Deconstructing the saying "time heals"
Recently, I realized that losing my only sibling, David, in 1983, has some similarities to losing a spouse. As a kid, my brother was my person. The two of us shared the same home, the same parents. We went on the same family vacations; we weathered our parents’ divorce together. When David died, I thought time would stop. It was incredulous to me that the sun could continue to rise and set each day without him in the world.
The age old, ubiquitous expression, “Time heals,” is at best a partial truth, more likely a myth. Time doesn’t heal so much as it continues. The sun continued to rise and set each day without David in the world. Those days turned to weeks, months, years.

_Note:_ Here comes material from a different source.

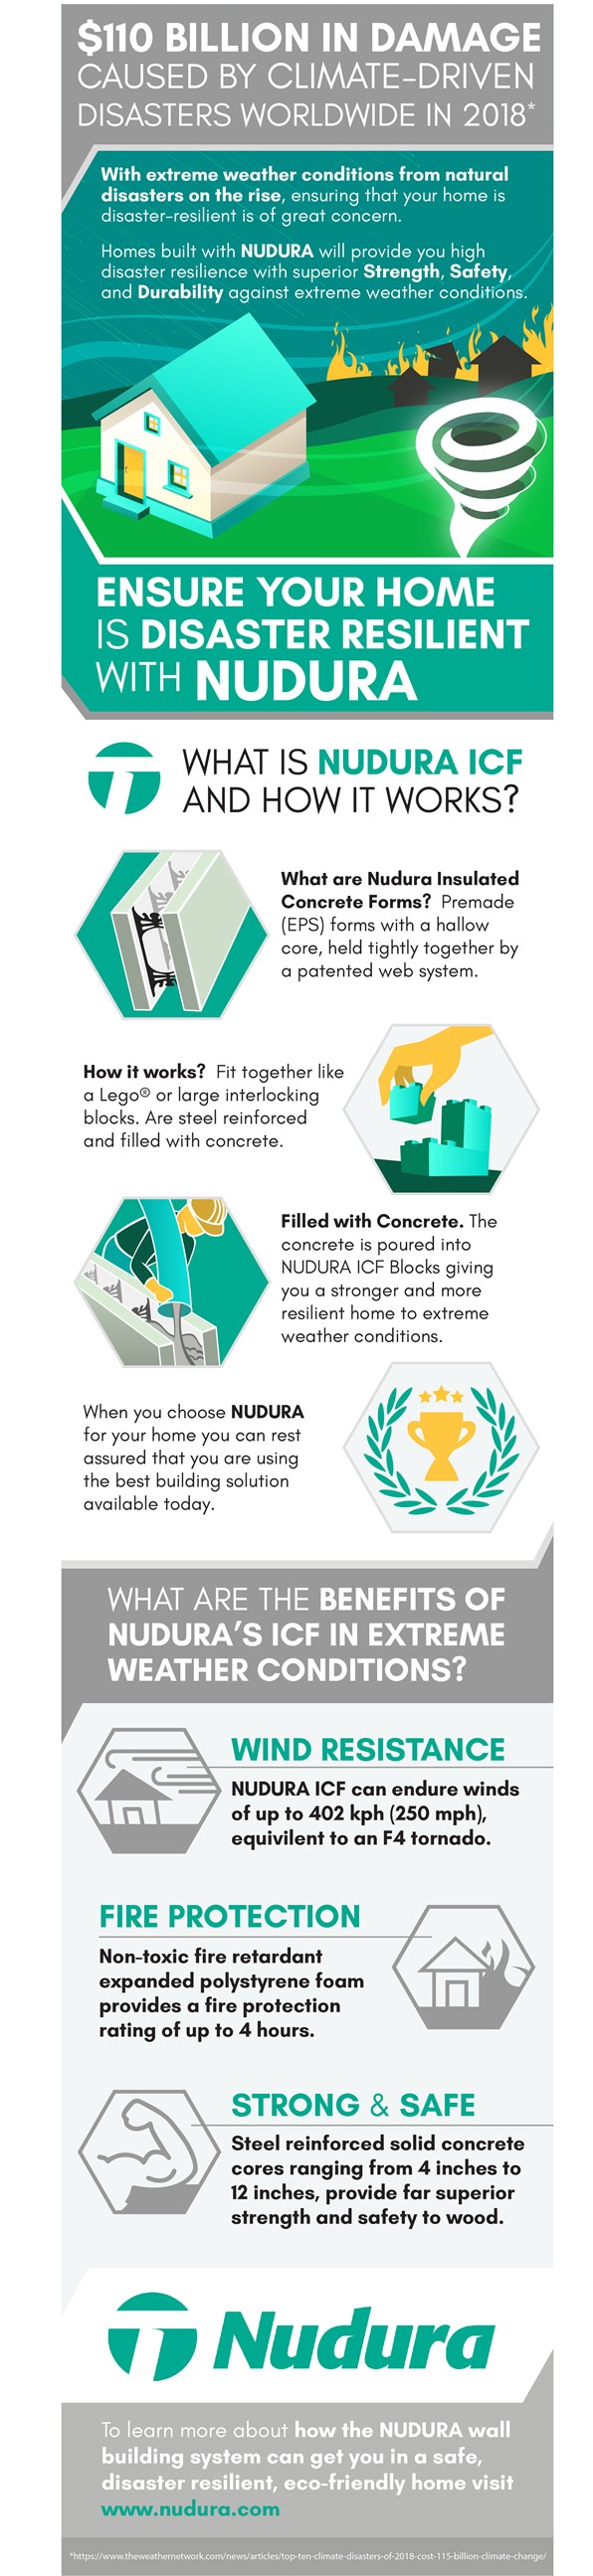 Nudura ICF disaster resilient infographic

That the world cannot possibly go on is disproved. Perhaps the, “Time heals” myth is where the erroneous notion of, “Getting over it,” (the grief or loss) comes from. A point in time when we are over the death of a loved one is quite simply a false, albeit common, notion. Grief comes at the loss of a person you loved. You don’t get over your love for someone who is still alive, so why would you get over your love for someone who has died?
For 38 years the sun has continued to rise and set each day and I can tell you that I have never gotten over my love or loss of David and I won’t. I have learned to carry that love and loss with me.
Losing David at an early age and my mother some years later were some of the reasons I fell in love with Bob. As a palliative care and hospice physician, he had helped families who were losing their loved ones. He would always say, “I have seen death thousands of times, it is peaceful. The patient is going to be fine, it’s the family I worry about because they have to go on after the death.” Guidance such as “Precious Time,” and “Hope and Prepare” that I wrote about in The Hospice Doctor’s Widow: a Journal, are as much or more for the survivors as the patients.
If we are lucky enough to love someone, the grief and sadness when we lose them is unavoidable and a testament to that love.